We implemented a Transformer-based model using distilbert-base-uncased to leverage deep learning for text classification. This model was trained to classify transaction memos with contextual embeddings.

Training Configuration

The model was configured with the following hyperparameters:

  • Model Type: DistilBERT
  • Maximum Length: 128 tokens
  • Batch Size: 16
  • Learning Rate: 2e-5
  • Optimizer: AdamW
  • Scheduler: Linear schedule with a warmup ratio of 0.1
  • Gradient Clipping: Maximum value of 1.0
  • Epochs: 3

Model Performance

The Transformer model was evaluated on 9 transaction categories. After one epoch, it achieved:

  • Training Loss: 0.1361
  • Validation Loss: 0.0603
  • Validation Accuracy: 98.56%
  • Evaluation Time: 2 minutes and 43 seconds

While the Transformer model achieved high accuracy, it exhibited higher latency compared to simpler models, requiring longer processing times for both training and evaluation.

Predicting Cash Score

Methodology

Exploratory Data Analysis

Exploratory Data Analysis

We conducted an exploratory data analysis (EDA) to understand patterns in consumer spending, overdrafts, and transaction distributions. This helped us identify meaningful features for predicting credit risk.

  • Transaction Patterns: Identified differences in transaction behaviors between delinquent and non-delinquent consumers, such as frequency and types of purchases.
  • Seasonal Trends & Payday Effects: Examined how consumer spending fluctuates with seasonal trends, including holiday expenses and end-of-month payday spikes.
  • Income Estimation: Estimated consumer income based on recurring transactions such as payroll deposits, rent, and utility payments.
  • Impact of Fees & Overdrafts: Analyzed the effects of account fees, buy-now-pay-later (BNPL) transactions, and overdraft occurrences on overall financial stability.
Delinquency Percentage vs Credit Score
Figure: Delinquency Percentage vs Credit Score.
Comparing Delinquent and Non-Delinquent Consumers

Comparing Delinquent and Non-Delinquent Consumers

We analyzed balance trends over time to observe how cash flow differs between individuals who are delinquent and those who are not. Our key findings highlight financial stability differences based on account balance trends.
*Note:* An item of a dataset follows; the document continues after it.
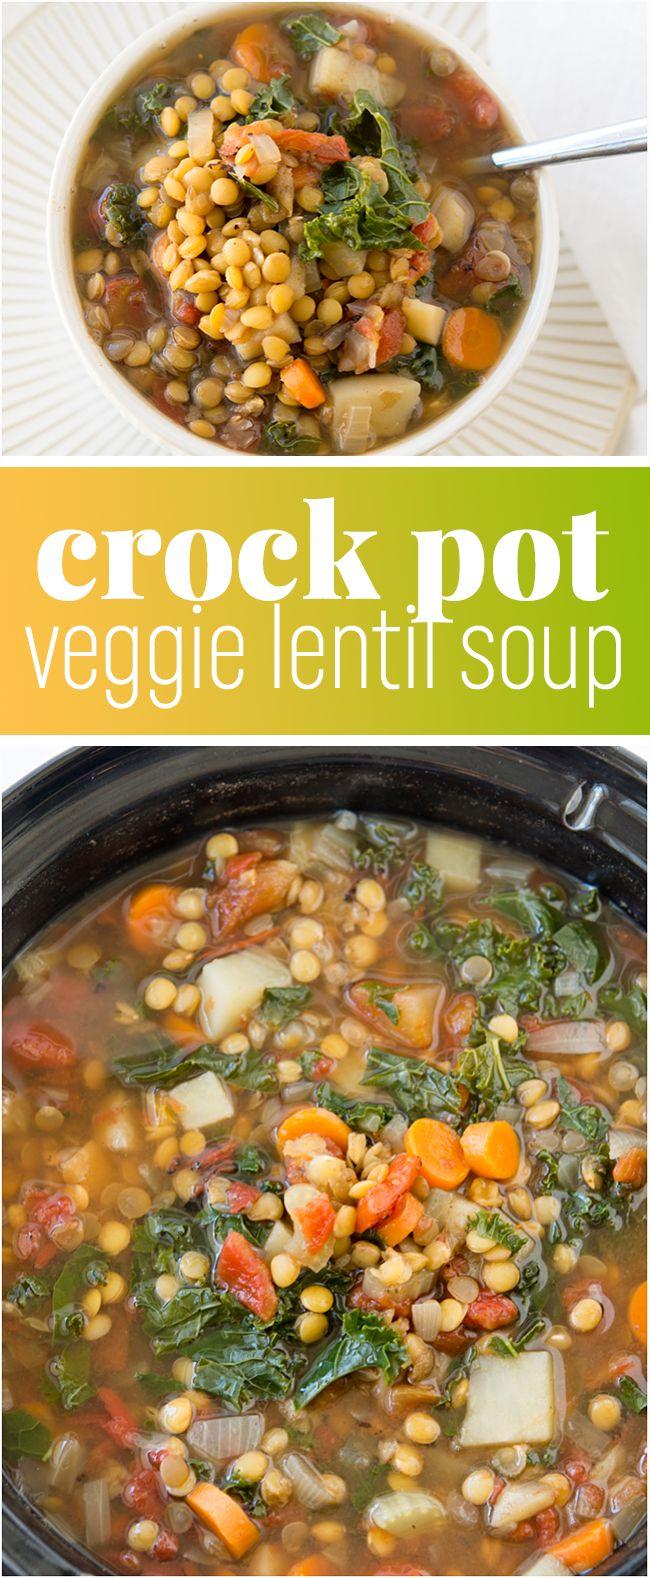 Crock Pot Vegetable Lentil Soup Recipe Crock Pot Vegetables Plant Based Meals And Lentil Soup Recipes

  • Delinquent Consumers: Frequently experience negative balances, indicating financial instability and a higher risk of missing payments.
  • Non-Delinquent Consumers: Maintain relatively stable balances with fewer occurrences of overdrafts, suggesting better financial health.
  • Periodic Fluctuations: Balance trends exhibit cyclical patterns influenced by income deposits and spending habits.
Balance Trends for Delinquent Consumers
Figure: Balance trends over time for five randomly selected delinquent consumers. The plot illustrates fluctuations and frequent occurrences of negative balances, highlighting financial instability.
Balance for a Single Delinquent Consumer
Figure: Balance over time for a single delinquent consumer. This consumer frequently experiences negative balances, indicating financial distress and an increased risk of missing payments.
Feature Engineering

Feature Engineering

We engineered multiple features relevant to the prediction of delinquency, focusing on balance trends, transaction behaviors, and account types. These features help in assessing financial stability and predicting default risk.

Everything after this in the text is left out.